他们结盟不过因利驱使。这家伙……难不成还真能是为了他一句感谢,不惜冒这样大的风险?
可正思忖,屋外已经传来脚步声——金枢卫暗卫援兵到了!
来不及细想了!
陆蒙当机立断:“先走,他们人太多了。那小子既然能躲起来,想必暂时还是安全的!”
江瑀长长吐出一口气,做出了自己的抉择。
“好。”他看向陆蒙,道:“你先进去,暗道入口需得关严,否则他们必能顺着暗道追查过去,我来关。”
陆蒙的确不了解苏宅暗道,于是也不再浪费时间,闪身躲入:“你快来……”
谁料一扭头,却看到了黑夜中,江瑀一双漆黑冰冷的眼瞳。
陆蒙心下一沉:“江玠之!你想干什么!”
然而话未说完,只听咔哒一声轻响,暗道石门便已在眼前合拢,将二人阻隔开来,连一丝声音也无法透出。

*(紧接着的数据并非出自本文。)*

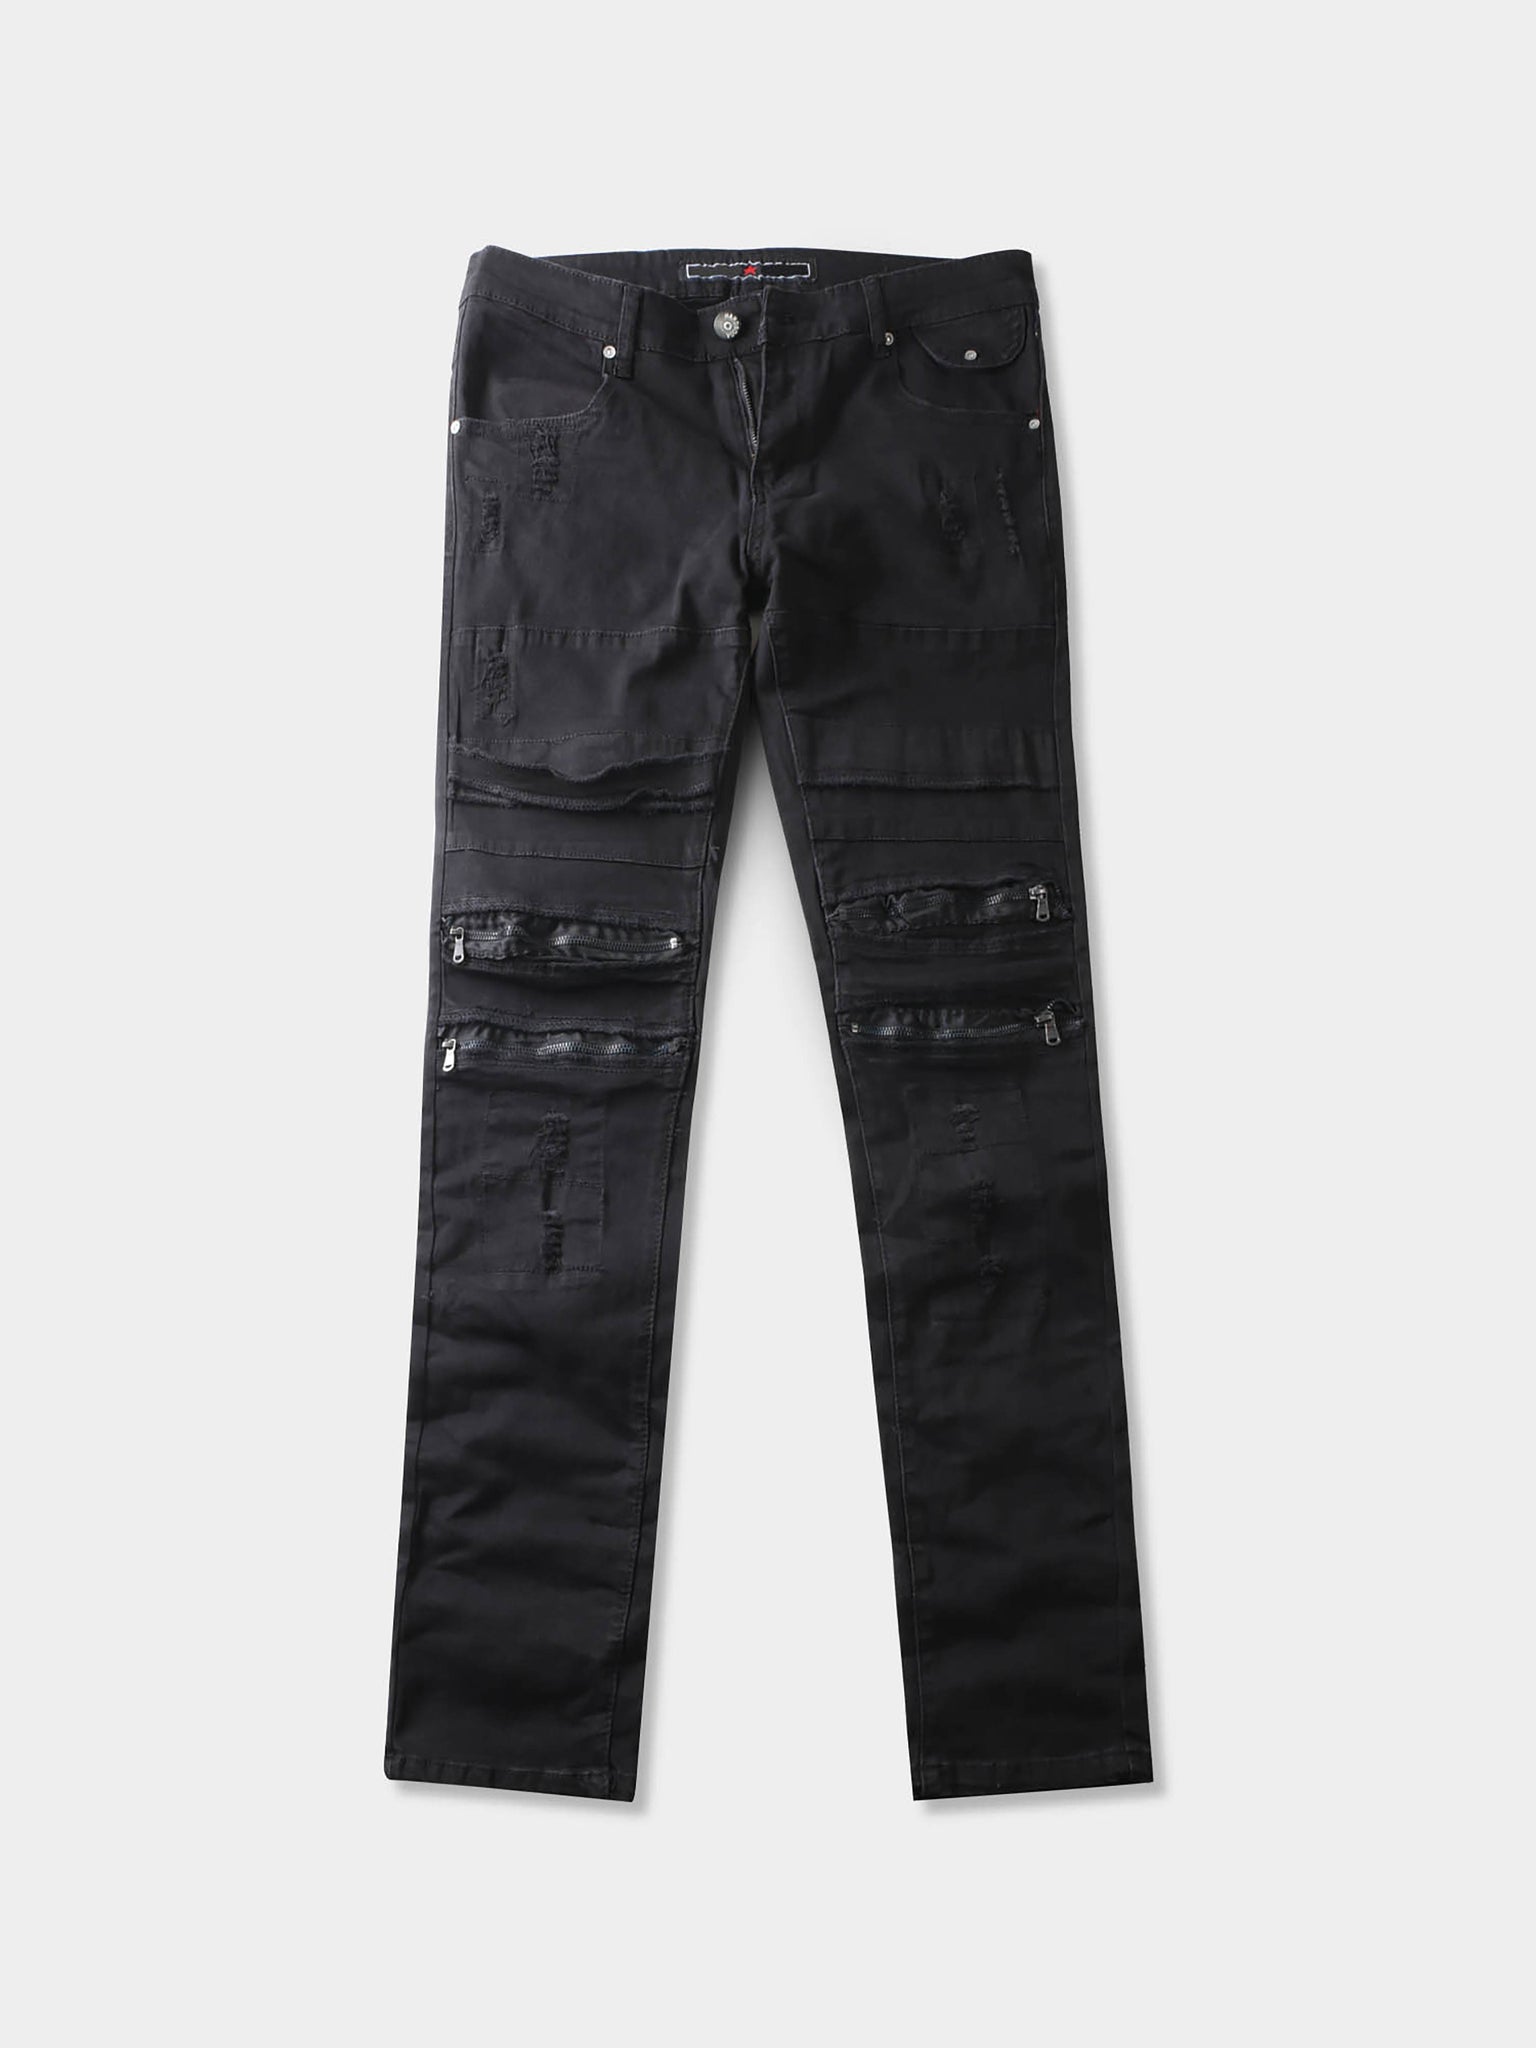 Men's Distressed Zipper Biker Jeans

机括咬合,任他陆蒙再如何天生神力,肉体凡胎也不能和厚重石墙抗衡。
更何况……
江瑀勾起唇角,露出了一个半嘲不嘲的笑。
陆蒙知道金枢卫已到门外,他若定要在这时候破墙而出,即便能够全身而退,也必将暴露自身。
只要有一个暗卫活着回到皇帝面前,陆蒙和江瑀结盟之事必将败露,皇帝不可能再放陆蒙生路。
陆蒙没那么傻,他才不会做这样的事。
但关于小苏,他不能冒哪怕一丝一毫的风险,他必须确保小苏安然无恙,必须确保万无一失。
他不能信任陆蒙,因为他承担不起赌错的后果。
嘈杂脚步声逼至近前,是金枢卫暗卫已然进入院中。
江瑀虽不擅武斗,却至少身形灵巧,借着夜色将自己隐没在了黑暗中。
正巧这时炭盆中炭火燃尽,最后一丝光也黯淡下去,正好方便了江瑀悄无声息顺着墙根游走。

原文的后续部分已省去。